Мариэтта Шагинян - Четыре урока у Ленина
Но даже и в то время у Россини оказался один восхищенный зритель, только один-единственный, — зато какой! Итальянцы звали его по-свойски Арриго Бейль. И был это Анри Бейль, известный всему читающему человечеству как Стендаль… Я вычитала историю «Турка…» в программе, пока не начался спектакль, а после окончания его, неподвижно просидев два акта в течение почти трех часов, я мысленно благодарила судьбу за редкостное, освежающее наслаждение, снявшее с меня всякую усталость, потому что оно не только пережилось, как счастье, но и зажгло мою мысль.
Говорят, отцы и дети хуже понимают друг друга, чем деды и внуки.

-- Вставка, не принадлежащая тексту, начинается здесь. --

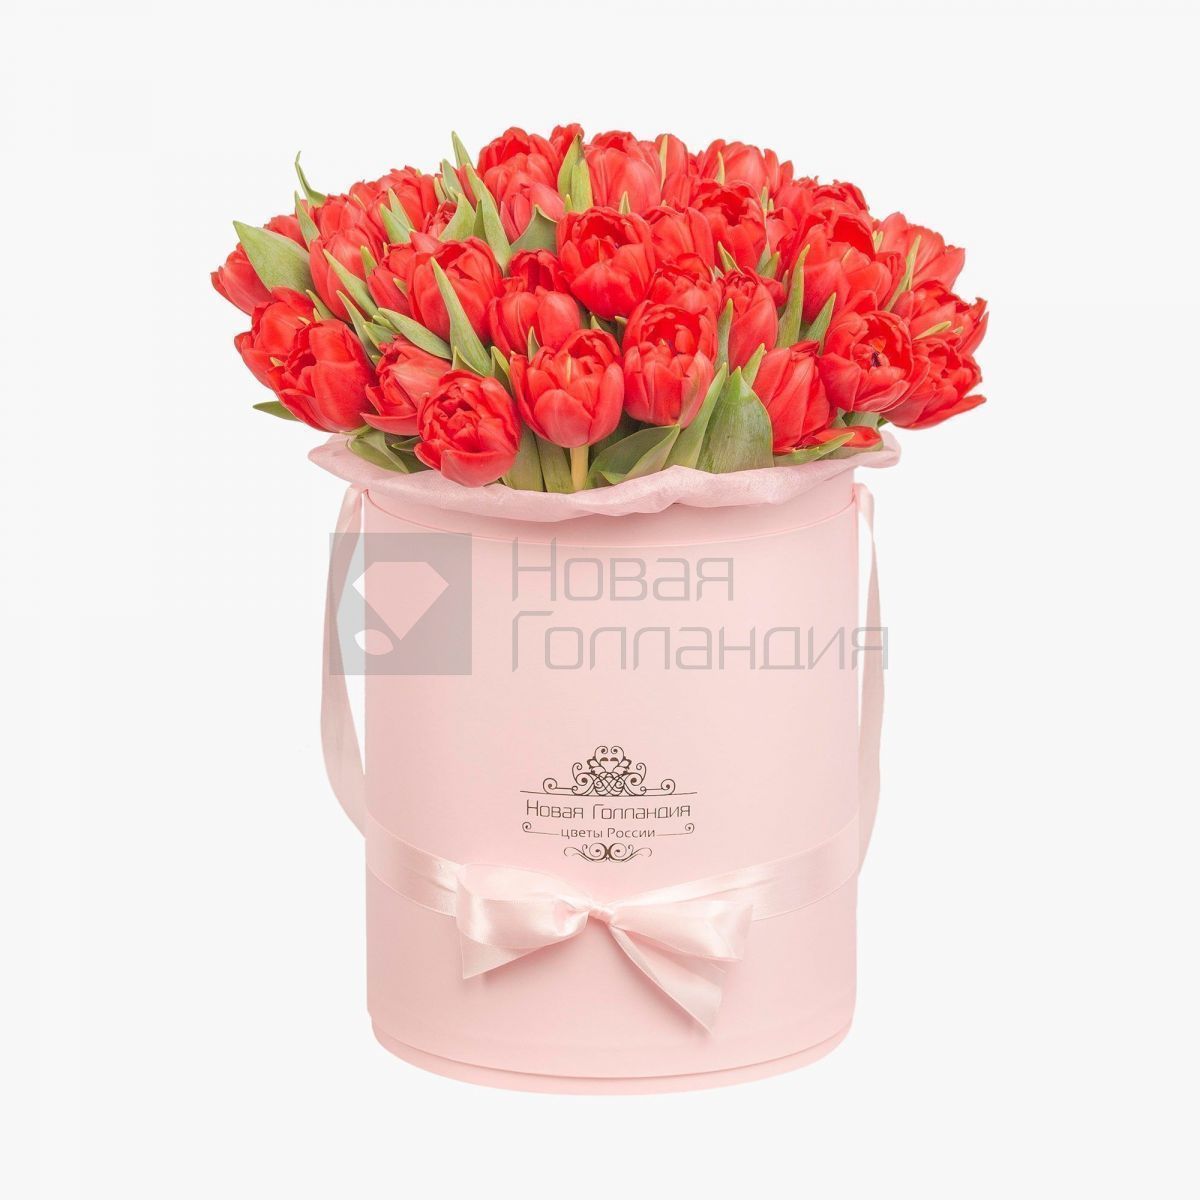 59 красных тюльпанов в большой розовой шляпной коробке №508

Если смена поколений исторически конфликтна, то пониманье через голову поколенья налицо не только в семьях, а и в культуре, в науке. С каким величайшим презреньем смотрел девятнадцатый век — «железный», по Блоку, на алхимию восемнадцатого, на его материализм, на его наивную музыку и наивные драмы Метастазио. А мы сейчас смотрим в лицо людям восемнадцатого, нашим «дедам», с любовью и пониманием, и химия нашего века отнюдь не смеется над алхимией… Но это к слову.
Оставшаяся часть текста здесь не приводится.